The cavernous living room, into which I was invited, had a bare concrete floor, well-worn furniture, but a larger than normal TV. Pak RT came forward to shake my hand. He looked as if he was in his late fifties; he was tall and his hands were big and muscular; his manner seemed placid and amiable, like that of a simple farm worker.

"I am a retired soldier," he said, as he sat back in his chair.

"And you are the elected neighbourhood chief," I said. "I want to learn all about that."

He proceeded to tell me that he was elected by the thirty households in his area. Elections were held every three years. He helped his neighbours with government form filling; he organised kerja bakti, voluntary work, such as ditch clearing or celebrations of Independence Day; he settled neighbourhood disputes; he had helped to raise money for the building of a musholla, a small mosque.
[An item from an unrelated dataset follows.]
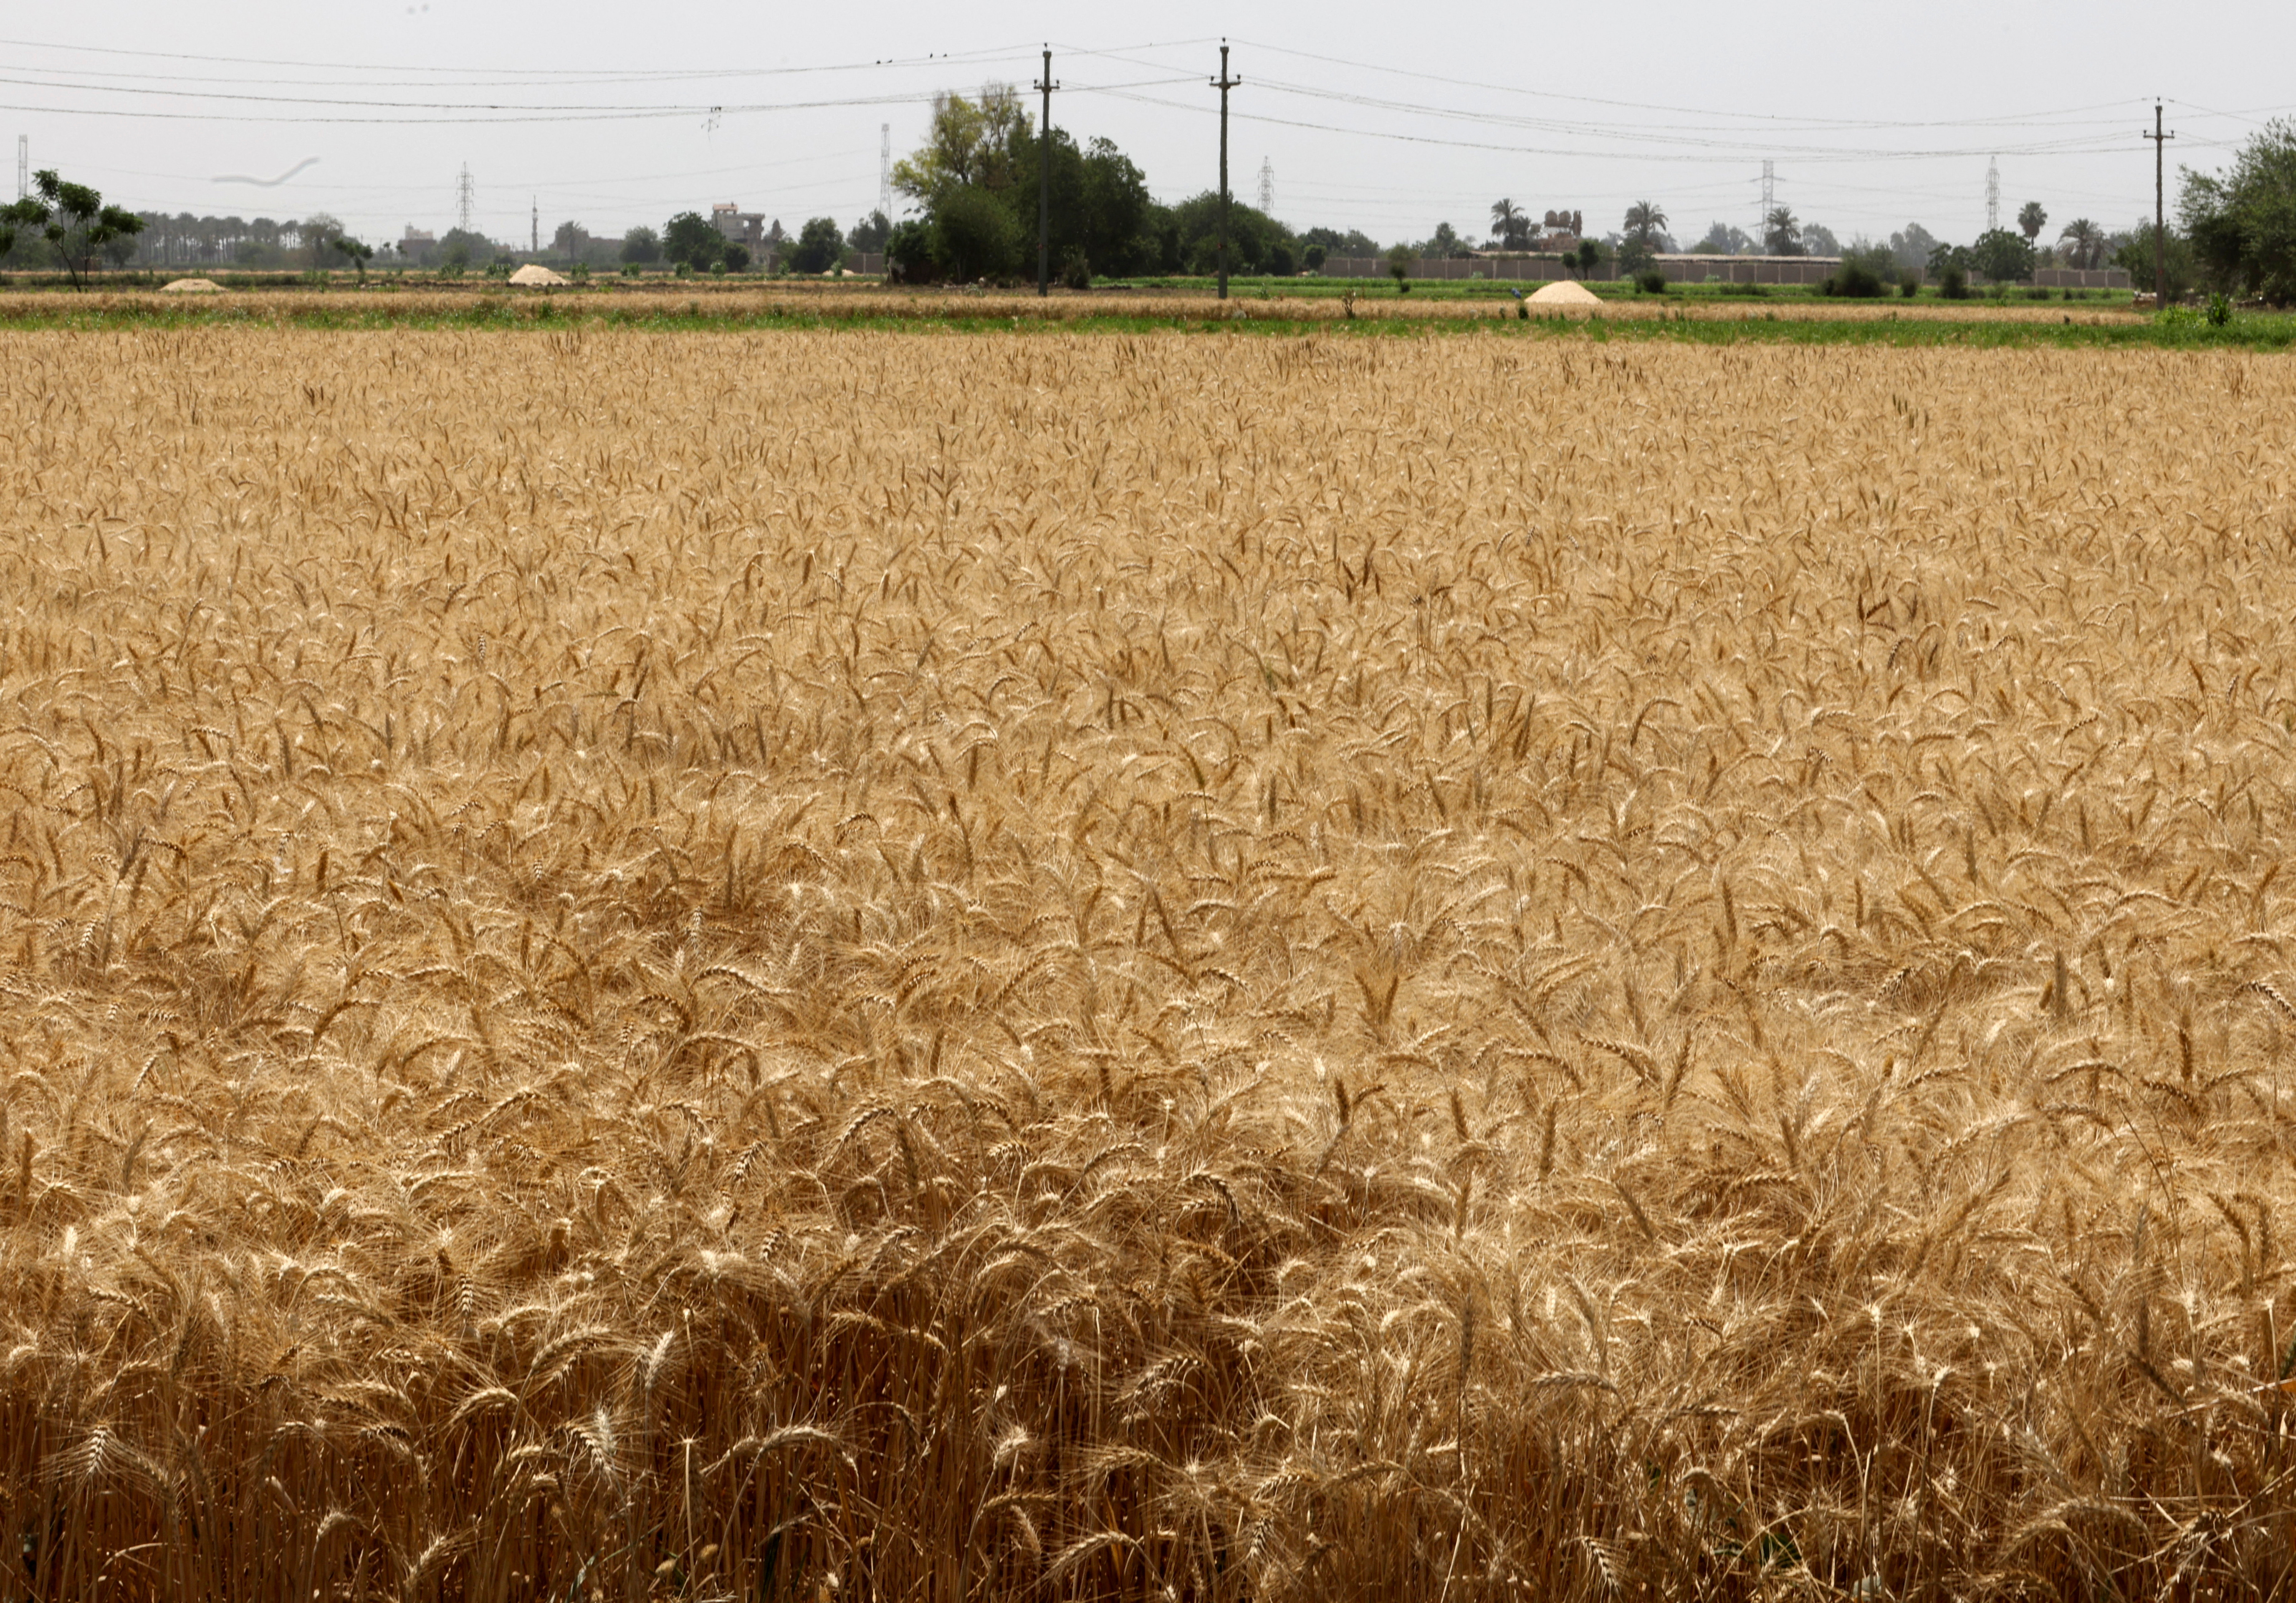 A general view shows a wheat field in Al Qalyubia Governorate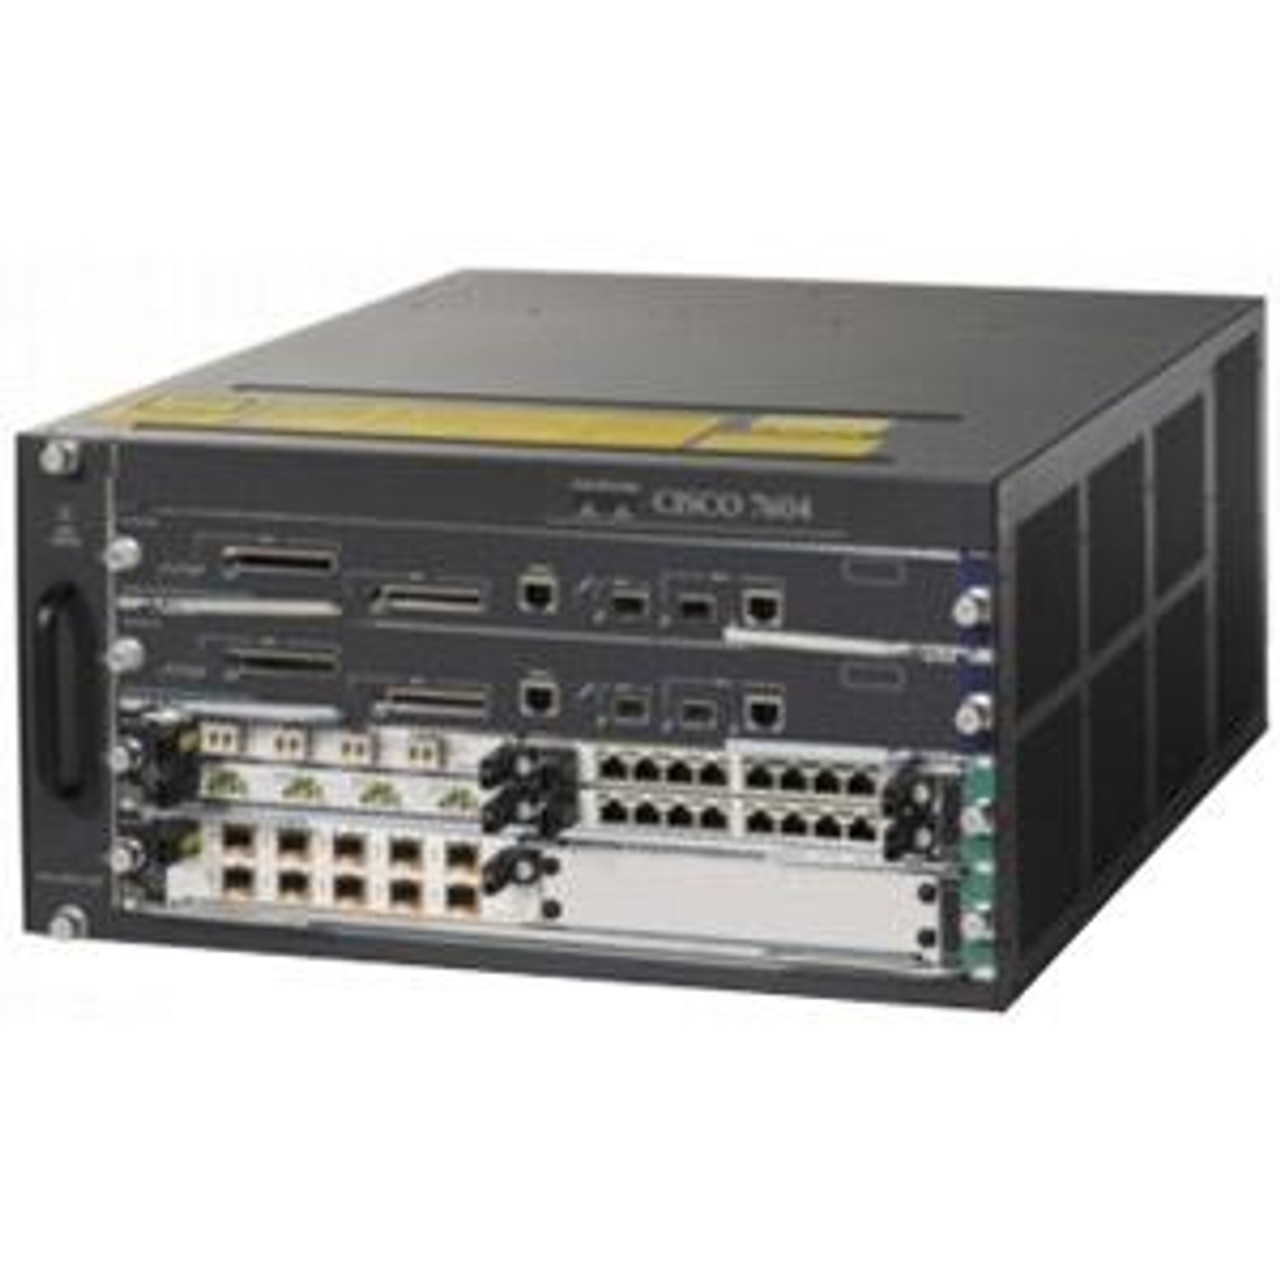 7604-2SUP720XL-2PS Cisco 7604 Router Chassis Ports4 Slots Rack-mountable (Refurbished)

"Are you a rich man?" I asked.

Pak RT’s wife, who had been hovering in the background, gave out a laugh.

"We are poor," she said.

Pak RT’s wife was much younger than her husband; she wore a well-cut trouser suit and a gold watch; she looked sharp, self-confident and alert. She would not have looked out of place in a smart shopping mall.

"Does Pak RT get paid for his work," I asked.

"It’s not like being a civil servant," she said. "No big cars. All we get is a small monthly contribution from the local people. This is a poor neighbourhood."

"Do soldiers get well paid?" I asked.

"No," said Pak RT, unsmiling. "I wasn’t an officer. I couldn’t become an officer because I didn’t have the money."

"You have to pay to become an officer?" I asked.

Pak RT shrugged his shoulders; he seemed to have decided to keep quiet on the subject.

"My husband had to have two jobs," said Pak RT’s wife, breaking the silence. "While he was a soldier, he also had to do private work as a guard."

There were two teenage girls standing shyly at the far end of the room; and there were four young boys, perhaps cousins or friends, who had joined Novi and who were now standing beside Pak RT. The boys were not shy. One boy, with a cheeky-monkey face, held up three fingers, then one finger, and whispered some rude words in English while staring in my direction. Pak RT ignored this.



The following afternoon, Novi arrived at my front gate with a letter from his mother. It was a request for a sum of money to help pay for Novi’s schooling. I explained to Novi that I only helped very poor people and he was not one of the very poor. I politely got rid of Novi and put the letter in the bin. Another letter arrived the following day and I wrote a courteous reply, repeating what I had already said to Novi. Next came a series of telephone calls from Novi, begging for money. Eventually he gave up.